How to fix phone screen burn-in

Unfortunately, there’s no such thing as a quick screen burn fix. OLED phone screen burn-in is permanent, but there are a few steps you can try to reduce it.

Ways to reduce Android and iPhone screen burn:

  • Power it off. Leaving your phone off for a few hours could help lessen the impact of burn-in. If your issue goes away completely, you probably just had image retention.
  • Try a burn-in remover video. YouTube has a number of fast-paced, colorful videos that are designed to combat burn-in.
  • Download a fixer app. These test to see if your phone has burn-in. They’ll then run a pixel refresh or adjust your settings so the discoloration isn’t as visible.
  • Replace the screen. If nothing has worked to reduce burn-in, you may need to purchase a new screen. But first, check your device’s warranty to see if screen replacement is covered.

How to fix screen burn on OLED TV

Like with your phone, burn-in is permanent on your television, but there are a few ways you can try to improve it.

Ways to reduce OLED burn-in on your TV:

  • Adjust the brightness. Lowering your brightness setting to below 50 could reduce any burn-in. This should also cause any image retention to disappear.
  • Enable pixel shift. OLED TVs from brands like LG® and Sony® include pixel-shift technology that automatically moves images on the screen to protect pixels from overuse. You can manually turn this on in your settings.
  • Play a color-changing video. As we recommended with your phone, pull up YouTube on your TV and find a video designed to help remove burn-in.
  • Replace your TV. Unlike phones, you can’t just swap in a new screen on your television.

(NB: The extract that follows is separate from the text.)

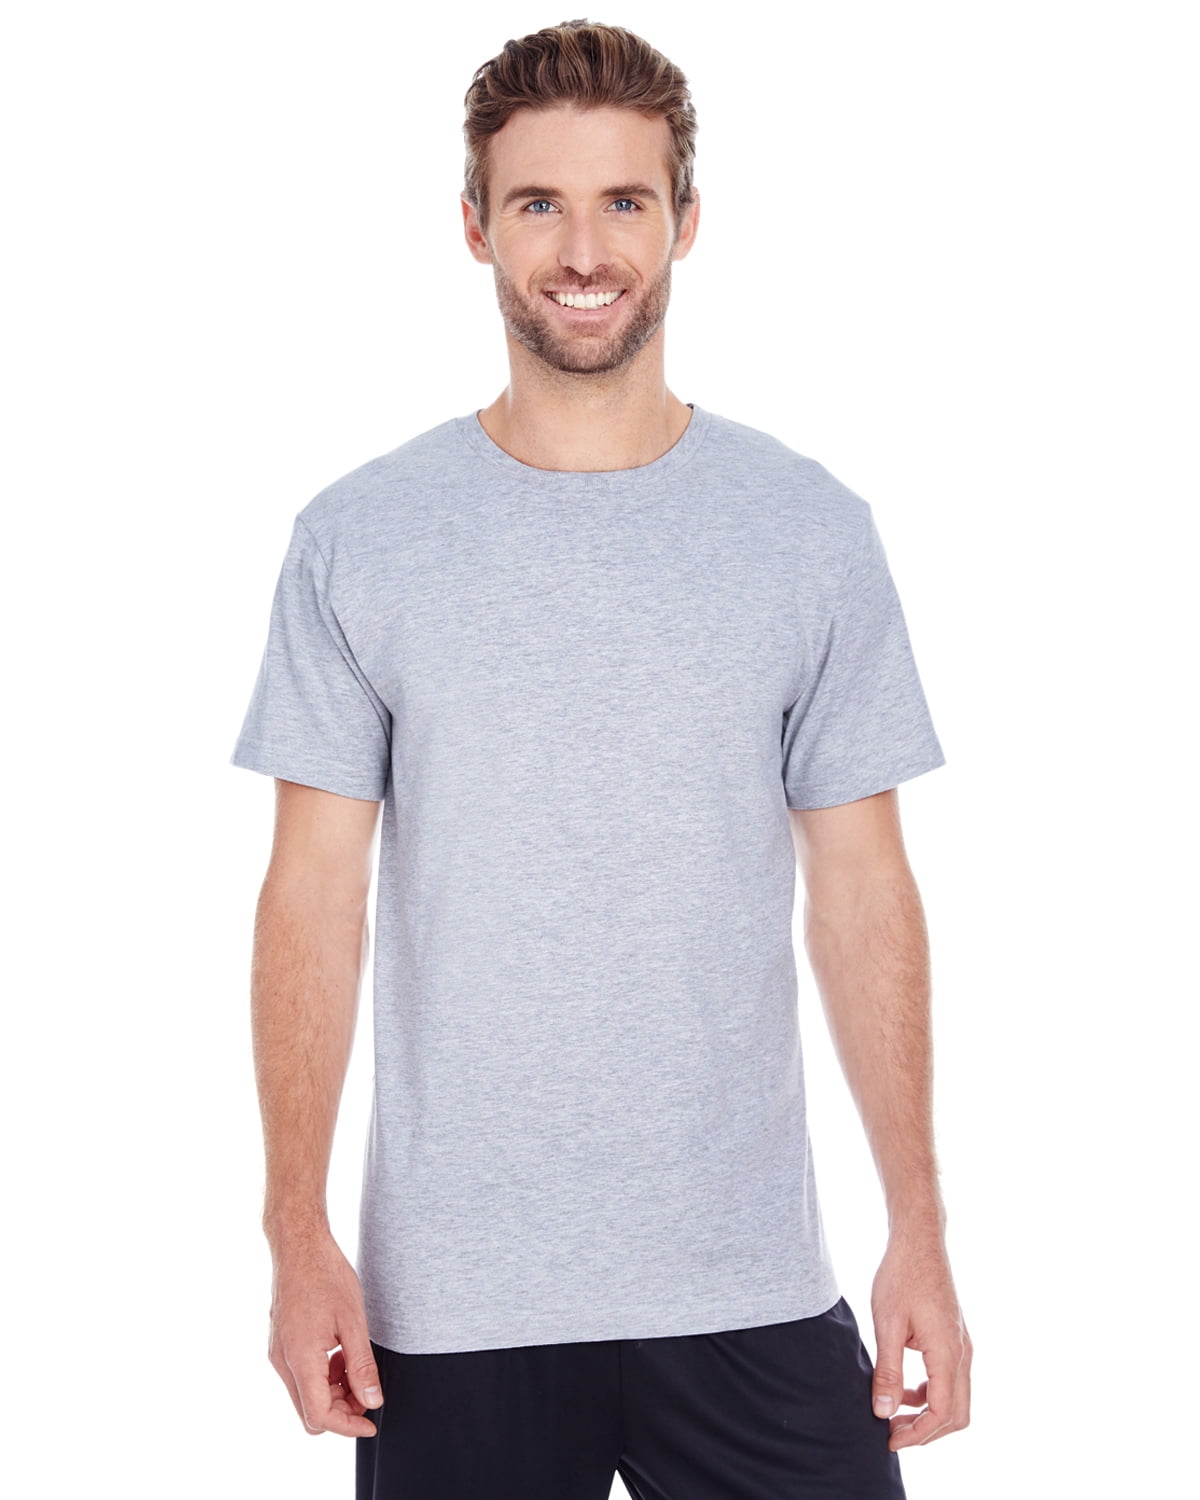 LAT Apparel - The LAT Men's Premium Jersey T-Shirt - HEATHER - M ...

But before buying a new one, check your manufacturer’s warranty to see if it covers burn-in.

How to avoid phone screen burn-in

If your smartphone has an OLED screen—like the iPhone® 12, Samsung Galaxy® S21, or Google Pixel™ 5—it’s at risk of developing burn-in. However, there are simple steps you can take to protect your device.

Tips to prevent Android and iPhone screen burn-in:

  • Lower the brightness. The brighter your display, the faster the pixels will decay. Go into your settings and reduce the brightness to 50% or lower.
  • Reduce your screen’s timeout length. Make sure your screen is turning off in less than 30 seconds to prevent static images from lingering.
  • Use dark mode. This setting emits less light and uses fewer pixels, allowing your screen to relax.
  • Enable immersive mode on Android. Turning this on will hide the status and navigation bars, which often cause screen burn-in. Some apps default to this mode, but you may need to configure it for others.
  • Switch to gesture navigation. Using swipes and taps helps remove static buttons from your screen and prevent burn-in.
  • Turn off your phone. Periodically power off your device to give the screen a break.

How to avoid OLED TV burn-in

Protecting your OLED television from burn-in just takes some maintenance. Follow these tips to keep your shows and movies looking sharp.

Tips to prevent OLED screen burn on TV:

  • Reduce the brightness. Keeping your brightness level in the 45–50 range will lower the stress on your TV’s pixels and help prolong their life.
  • Use the sleep timer. If you doze off in front of the TV, a channel logo or streaming menu could be on your screen for hours, creating a risk for burn-in. This feature will turn off your TV after a set amount of time.
  • Change the channel periodically. If you’re an avid sports watcher or news viewer, the ticker at the bottom of the screen may cause burn-in without you realizing it. Switching the channel will give those pixels a rest.
  • Don’t leave your TV paused. This goes for both TV and video games. Pausing a show or game for a long time will cause certain pixels to get overused and eventually become discolored.
  • Enable screen savers for gaming and streaming devices. If pausing is something you can’t avoid, turning on screen savers will keep the colors on your TV changing and help prevent burn-in.
  • Turn off your TV. Keeping your television off when you’re not watching it will help preserve your screen.